#### [What is being asked]
Nothing should appear in the answer except the lines from the one with "honeywell security 6160" through the end of the listing below, transcribed exactly and without pictures.

Start of Supplied information

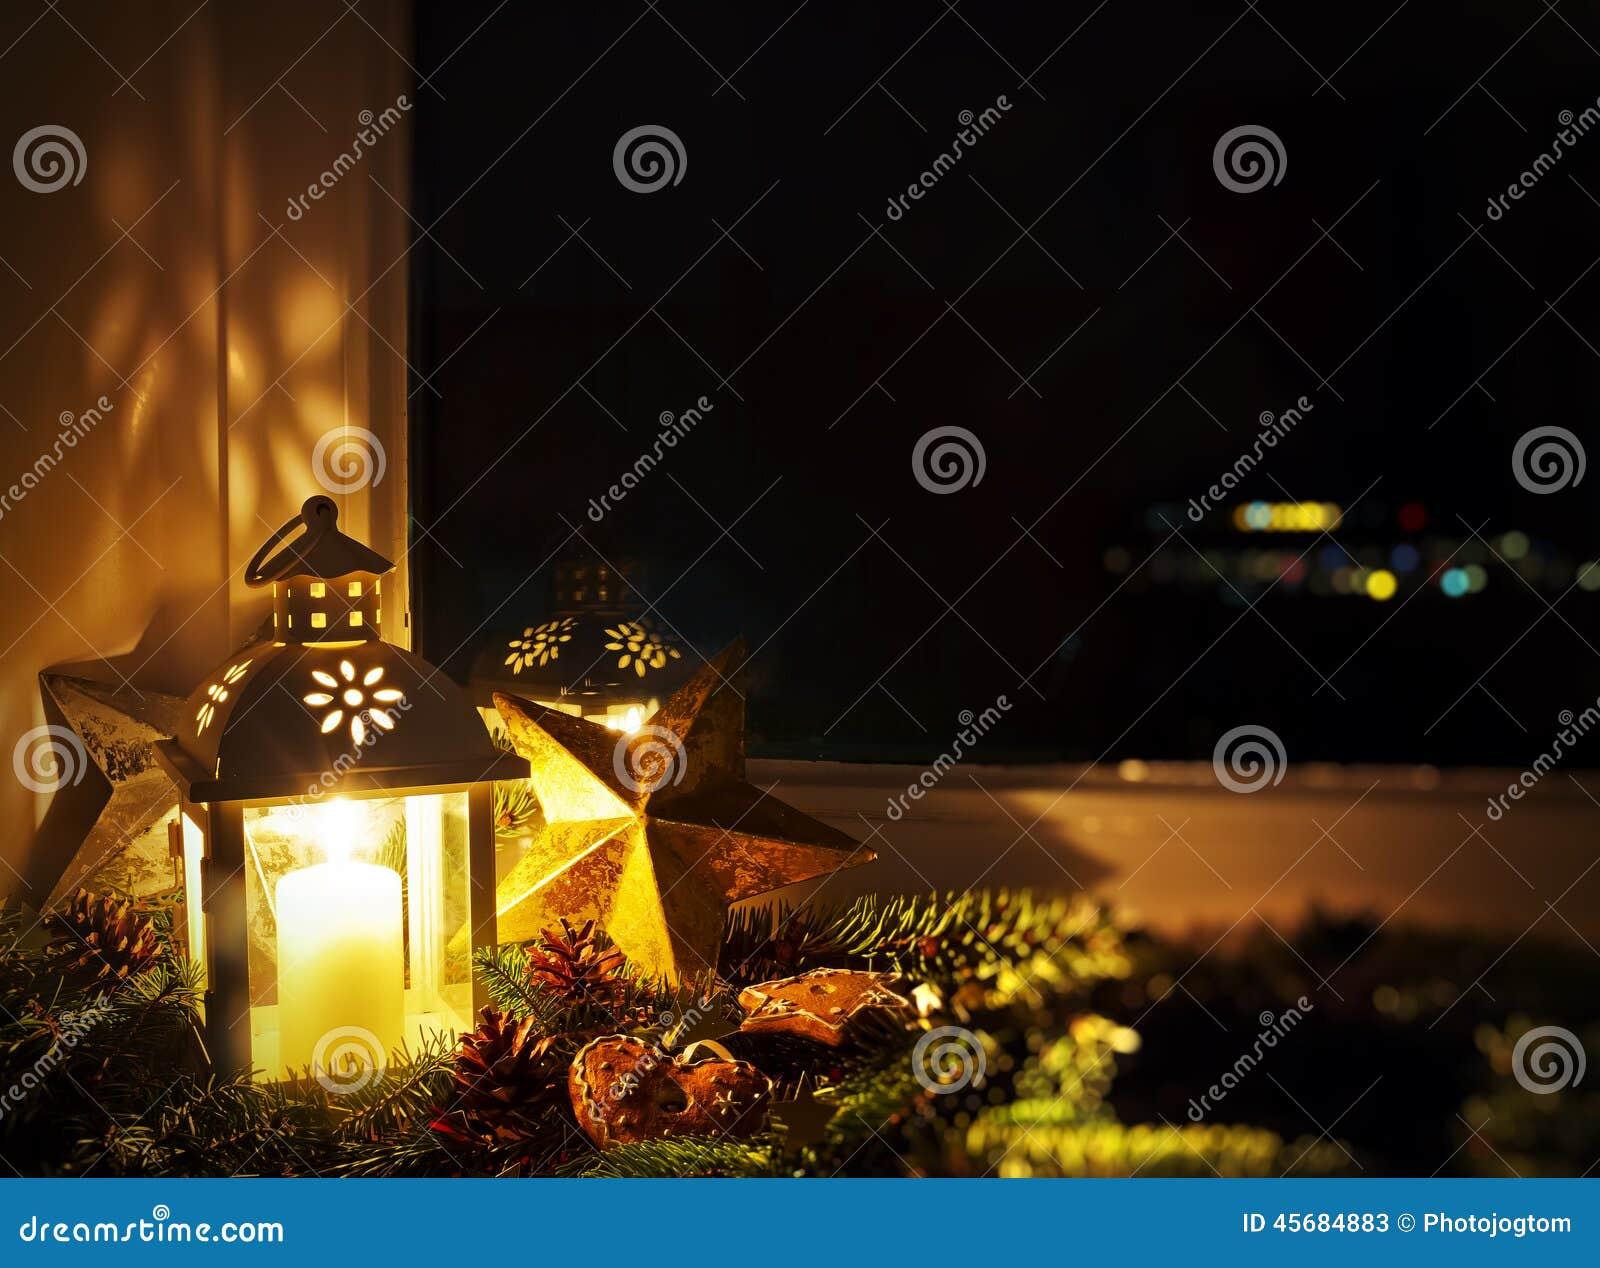 Christmas decoration on a window sill stock photo image - Christmas window sill lights ...
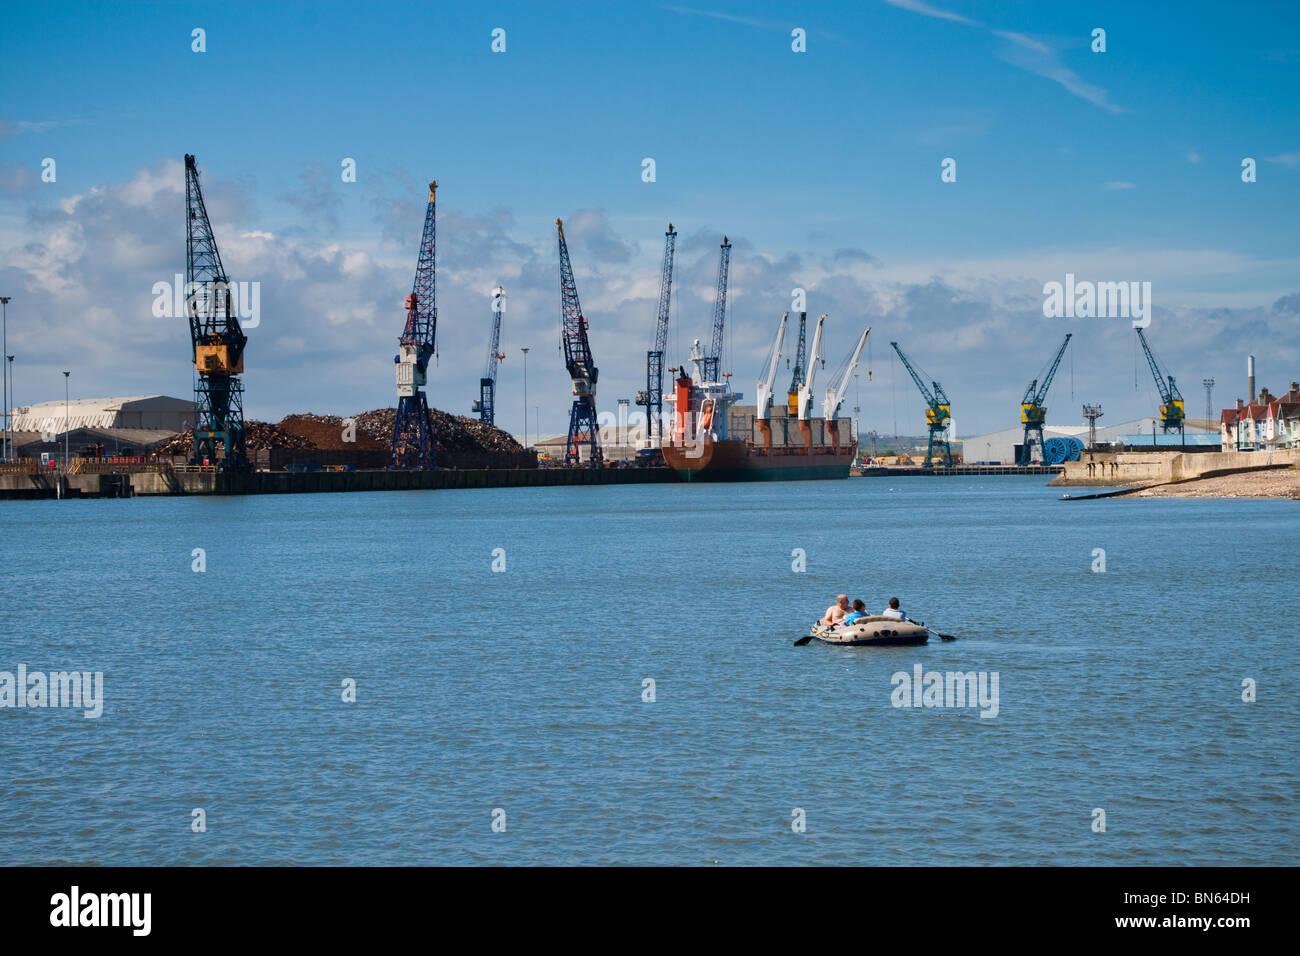 Shipping Docks and Pleasure Dingy, The Headland, Hartlepool, England - Stock Image
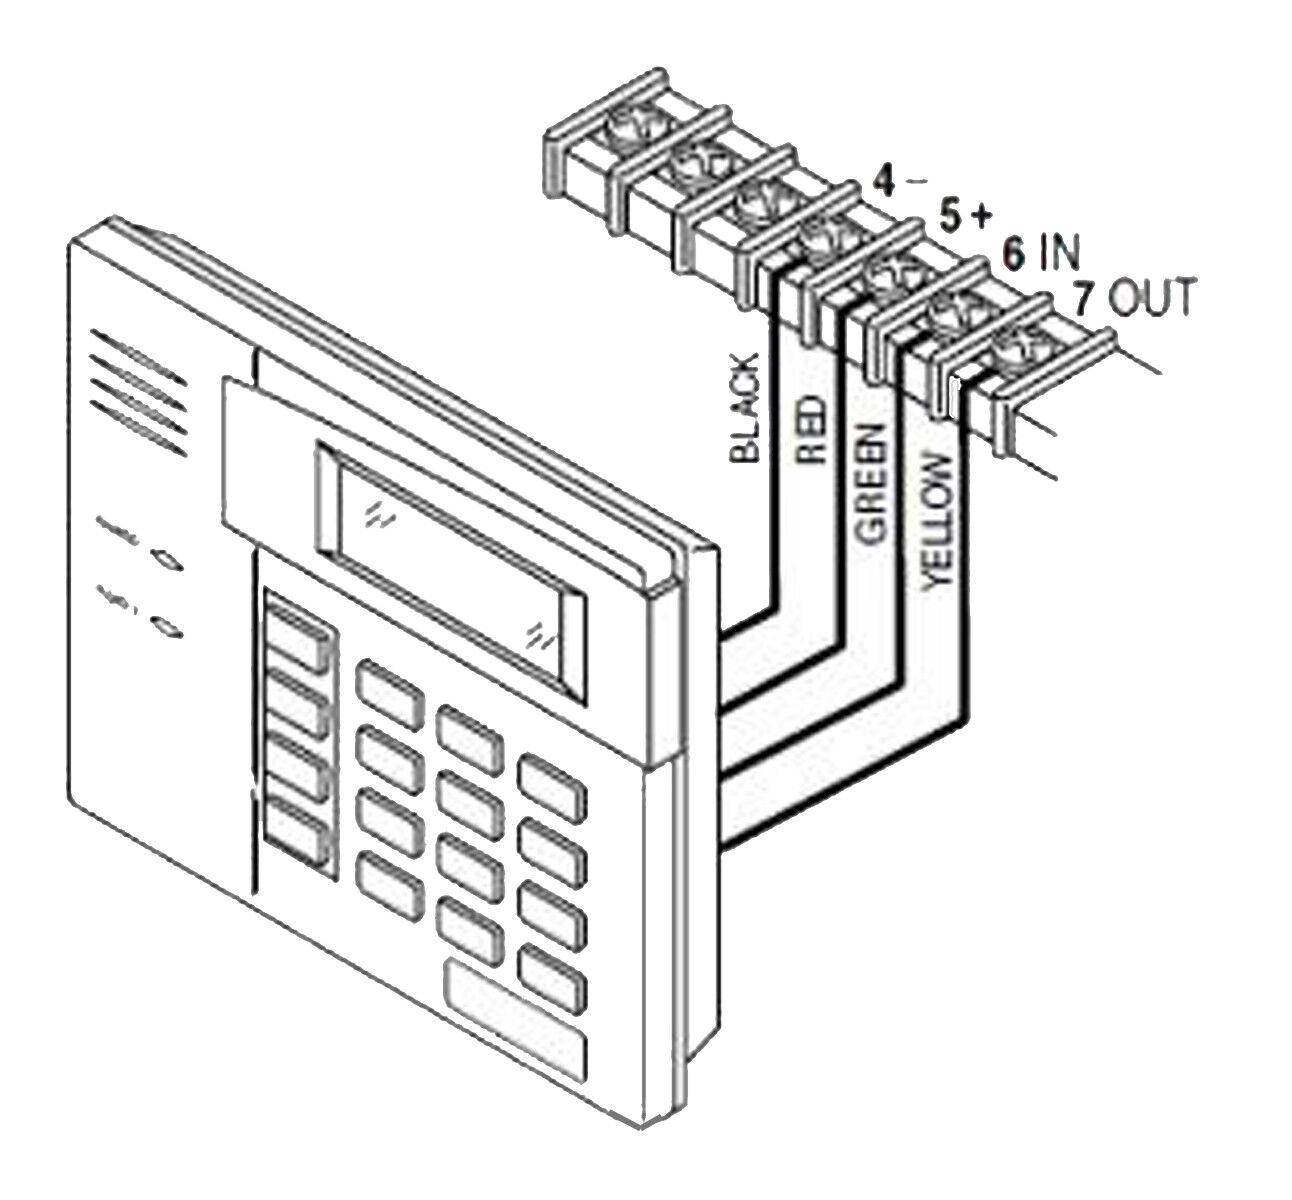 honeywell security 6160 ademco alpha display keypad ebay ADT Alarm Logo
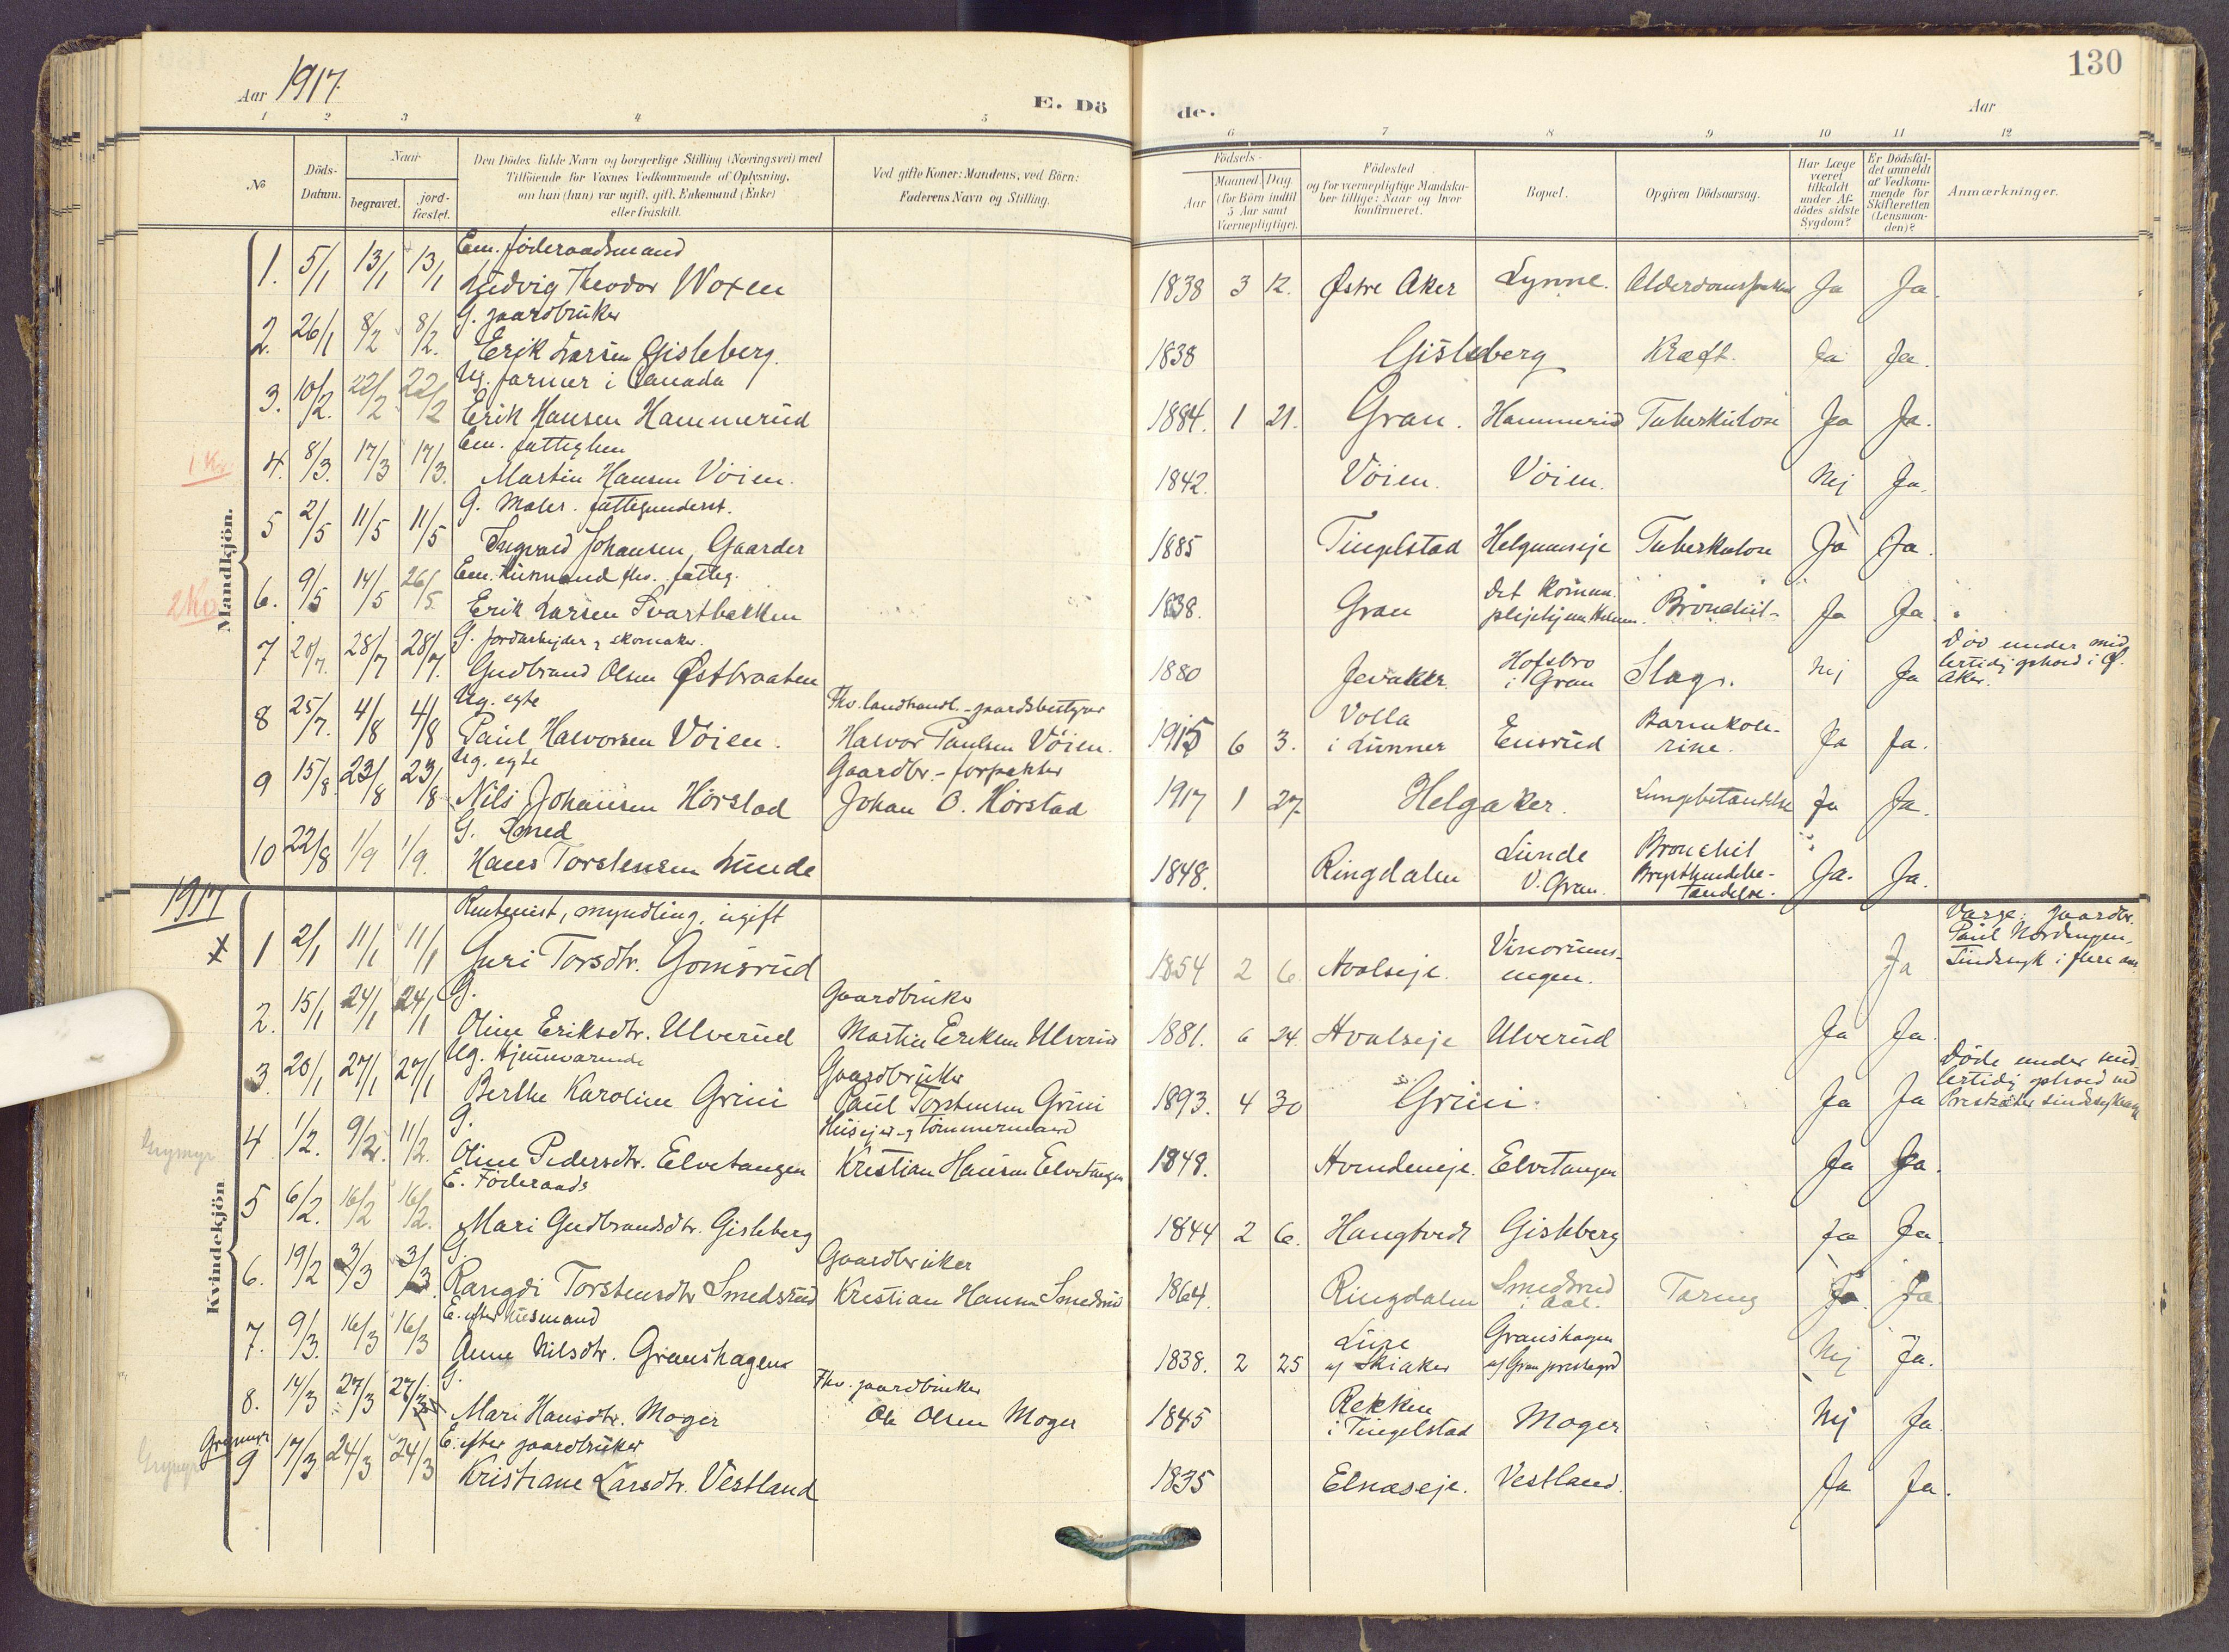 SAH, Gran prestekontor, Ministerialbok nr. 22, 1908-1918, s. 130

End of Supplied information

#### [Written answer]
 honeywell security 6160 ademco alpha display keypad ebay ADT Alarm Logo
 SAH, Gran prestekontor, Ministerialbok nr. 22, 1908-1918, s. 130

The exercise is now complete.